Emojis and Thumbs

I like emojis. I use them in texts (probably too much), on Facebook, Instagram, and Snapchat.  These harmless little graphics provide an extra bit of flair and punch to my sometimes corny sense of humor, so I am quite happy to use them whenever I can.

While I am, unabashedly, a fan of emojis, I wonder if we are in danger of relying on them, and the ever-present “thumbs up,” a bit too much, of using them as inferior substitutions for expressing genuine, serious emotion.

If you have a Facebook page, I’m sure you’ve read the occasional sad and somber post from friends or family.  Perhaps they’re marking the anniversary of a loved one’s death, announcing a family crisis or sharing the news of a personal illness. I understand the need to share these things even if it is through a cold, unfeeling computer screen.  I think we all need outlets to get things off our chest, another platform where we can potentially find additional comfort and support.  I have no problem with that, after all, it’s up to people what they want to share on their Facebook wall.

What I do find disturbing is the increasingly acceptable trend of responding to posts of grief, sadness, or serious life events with a thumbs up, a thumbs down, or a sad face emoji.

Initially,  I didn’t  know what to make of it when someone thumbed up a post expressing what could only be described as bad or tragic news. It was very confusing.  Were they giving the thumbs up to the bad news? If so, who wants a friend like that? Of course, it didn’t take long to figure out they were actually trying to show support by liking the sentiment behind the post rather than the event that inspired it.  Still, and perhaps I’m just a stick-in-the mud, I don’t think a sad face or thumbs up is an appropriate reaction to some of the posts I’ve seen on my Facebook wall.

The whole idea that we now find it acceptable to post a sad face in response to “RIP Grandma, you will be missed,” is very odd.  It doesn’t seem enough.  A sad face in response to the death of a loved one?  A thumbs up to, “Spending our last day with Fluffy, faithful companion.  We’ll make it a good one.”?  It seems to demean and trivialize the sad and significant.  It is dismal to think we are more and more comfortable expressing our empathy by clicking on a pre-designed, graphic representation of the applicable emotion rather than reaching out personally to express our empathy.

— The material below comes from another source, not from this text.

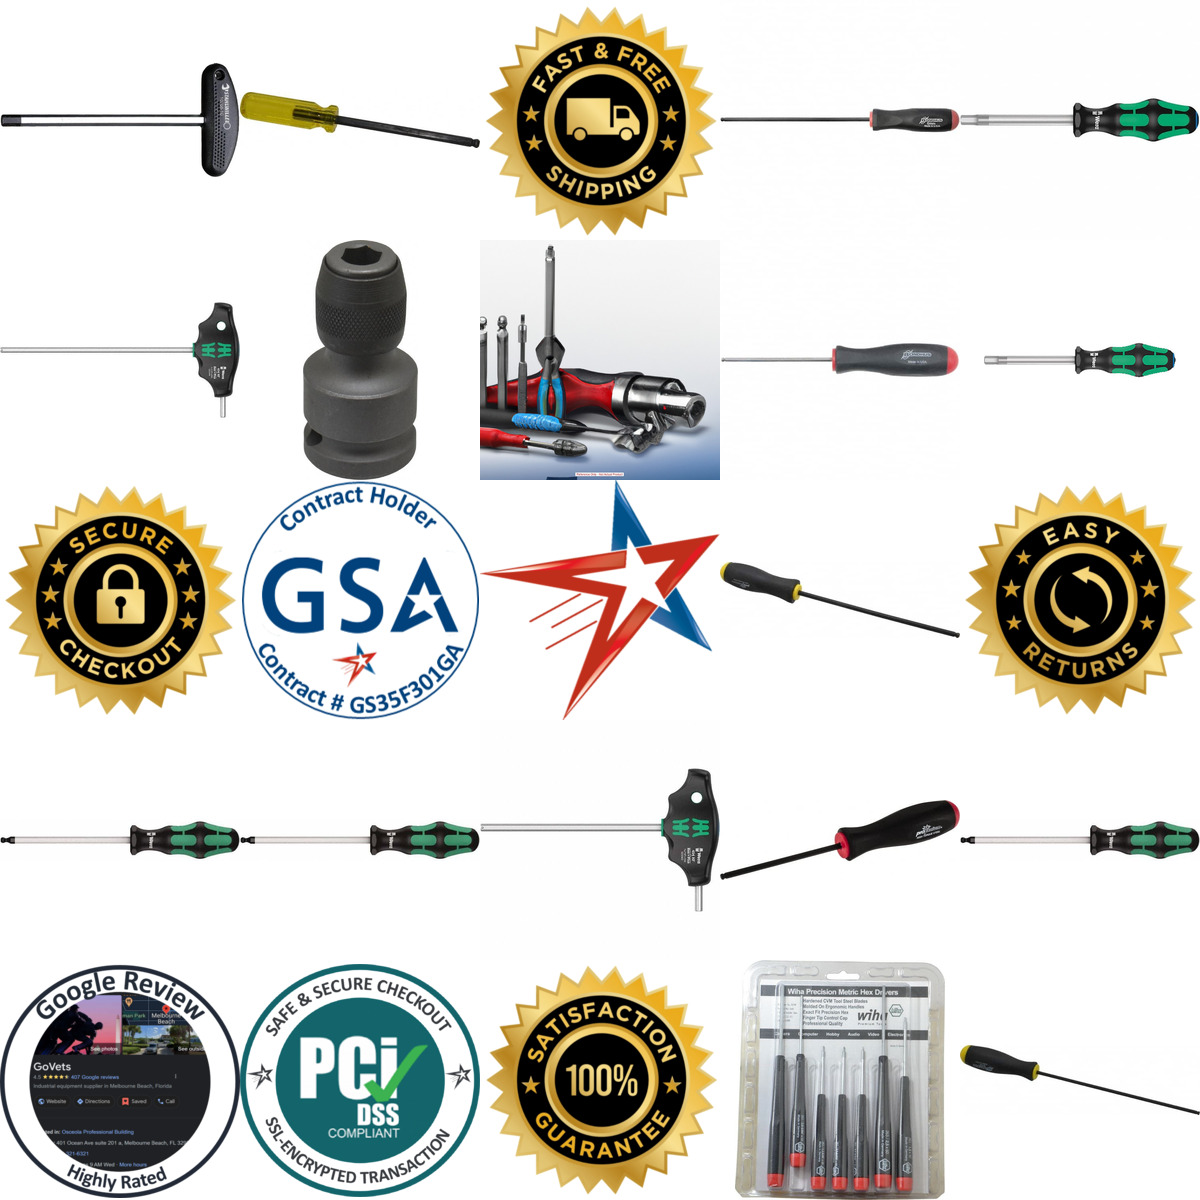 A selection of Hex Drivers and Accessories products on GoVets

I keep hoping this trend will dissipate a bit, that perhaps we will return to a more respectful and caring way of responding to our friends and family who may be in distress. Unfortunately, I don’t think that’s going to happen. Who knows. In the future, maybe we’ll resort to communicating through thumbs up and thumbs down in all situations or perhaps we can just carry emoji flash cards with us at all times and whip out the appropriate emotional response when faced with someone else’s bad news. I exaggerate, I know. Still, we don’t seem to be bothered by the idea that not only do many of us spend more time engaged with our various electronic devices than we do with our family, we’ve now made it acceptable to respond to serious, life-changing events with the most trivial of gestures. And that, in my opinion, is just :(.